### The problem
Only the lines in the entries below from the line with "dior addict fragrance" to the line with "f718c7e5b0 Cabana Life", both included, belong in the answer, transcribed exactly and without pictures.

*** Opening of Information given ***

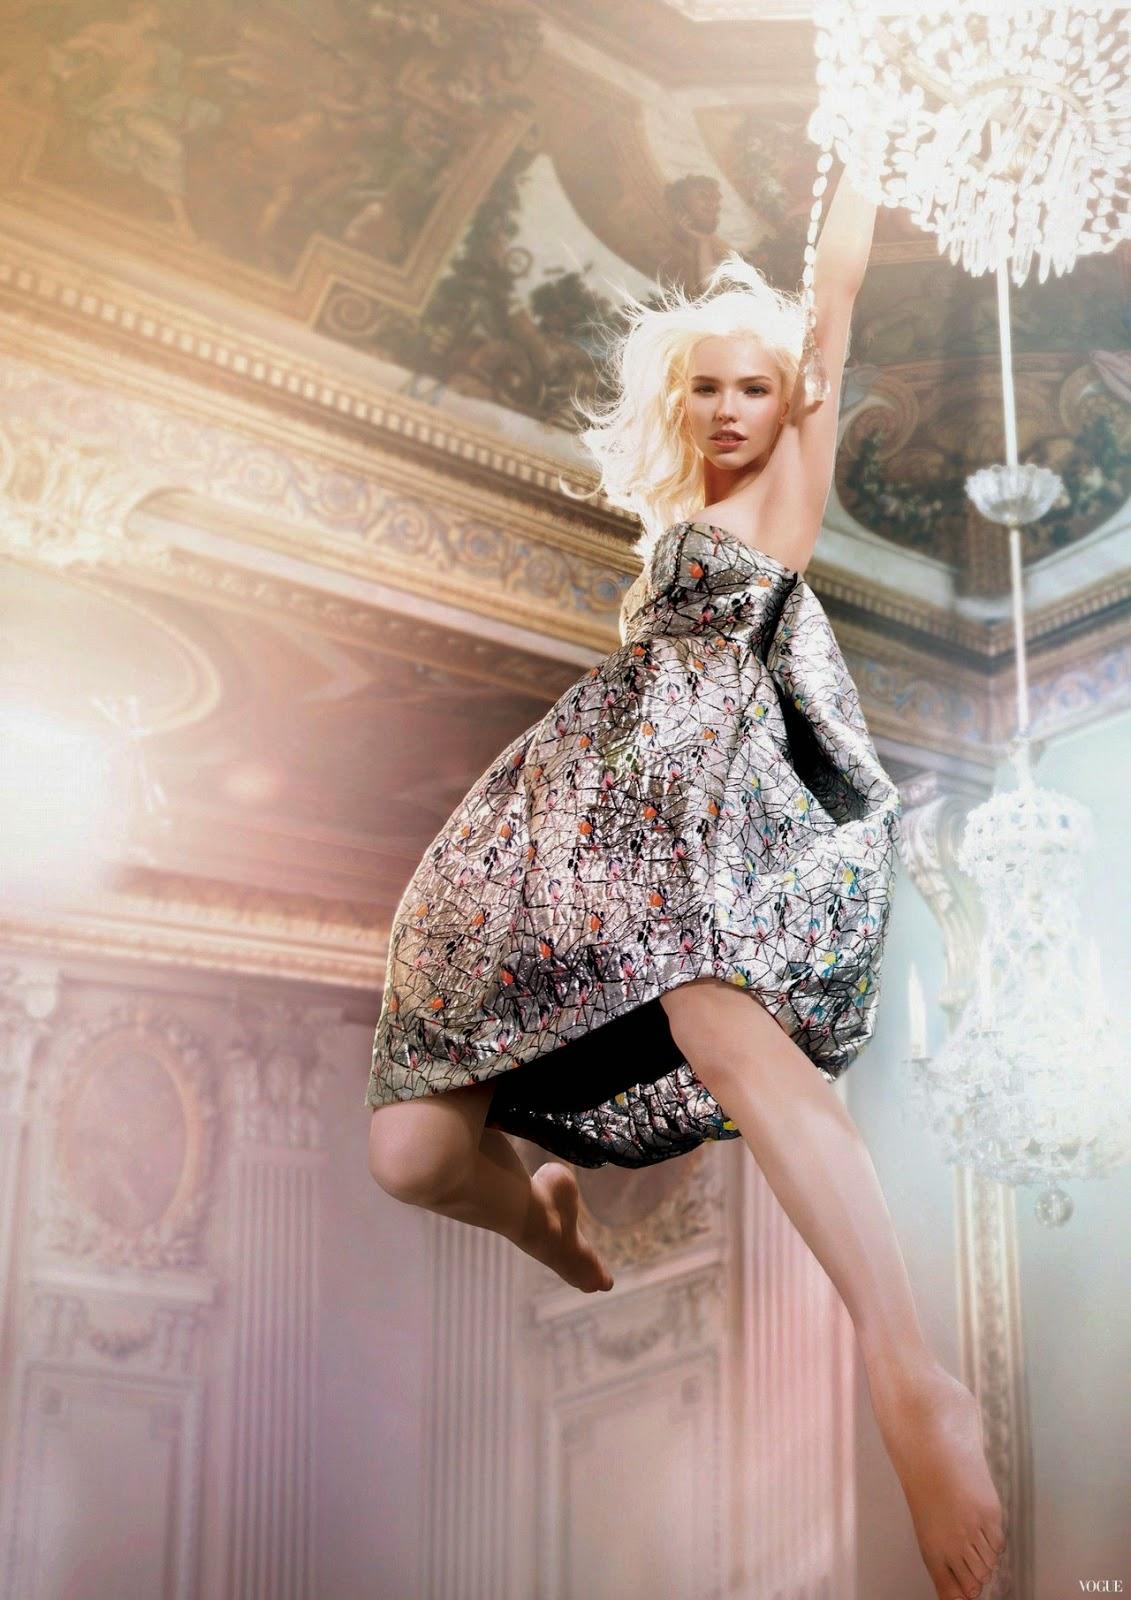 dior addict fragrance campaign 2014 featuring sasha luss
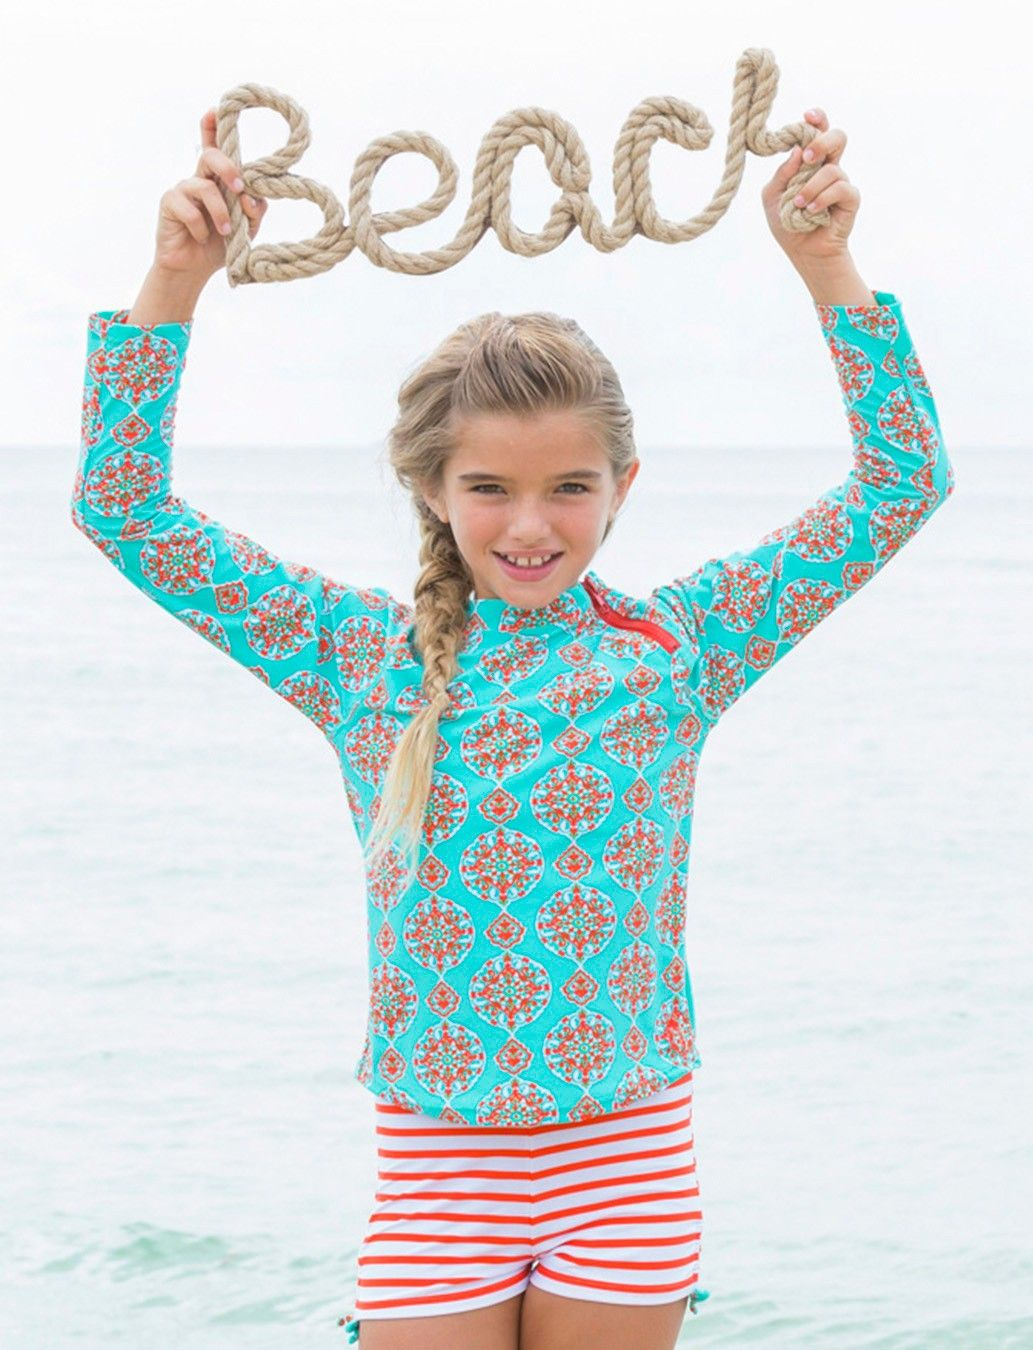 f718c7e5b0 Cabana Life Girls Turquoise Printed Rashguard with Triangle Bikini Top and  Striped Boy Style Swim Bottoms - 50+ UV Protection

*** Close of Information given ***
*** Opening of Information given ***

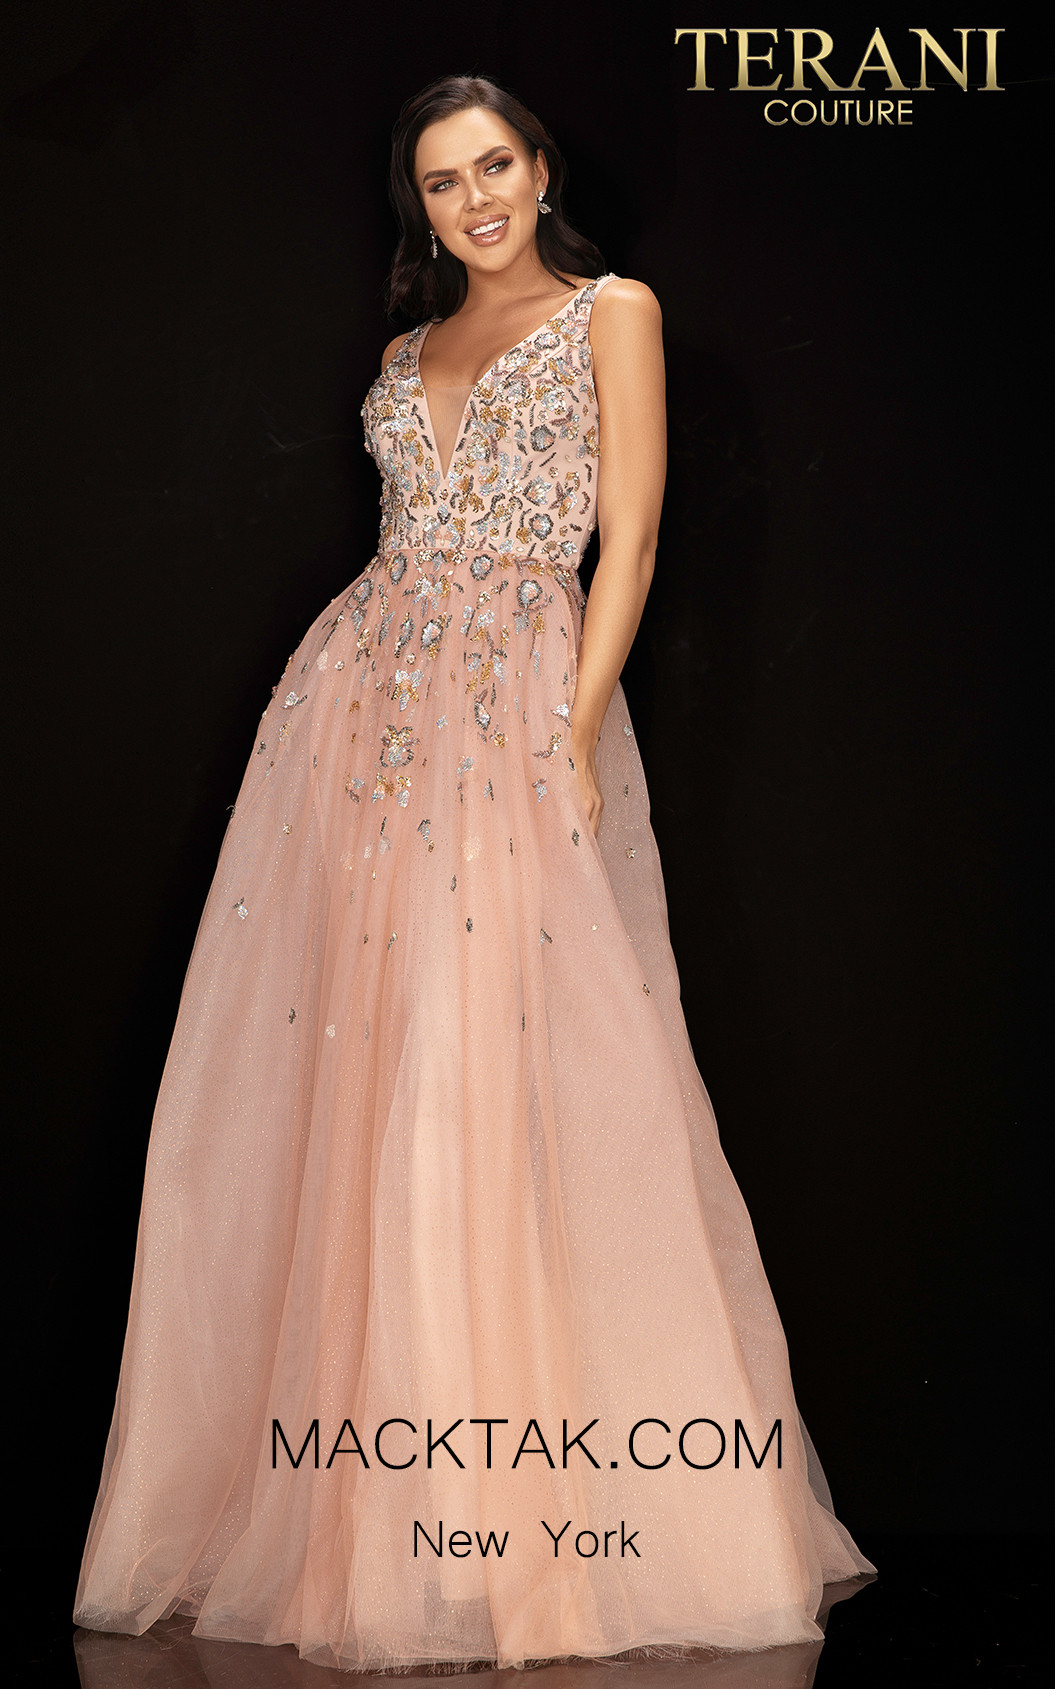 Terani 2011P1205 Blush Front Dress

*** Close of Information given ***

### Answer for this exercise
 dior addict fragrance campaign 2014 featuring sasha luss
 f718c7e5b0 Cabana Life Girls Turquoise Printed Rashguard with Triangle Bikini Top and  Striped Boy Style Swim Bottoms - 50+ UV Protection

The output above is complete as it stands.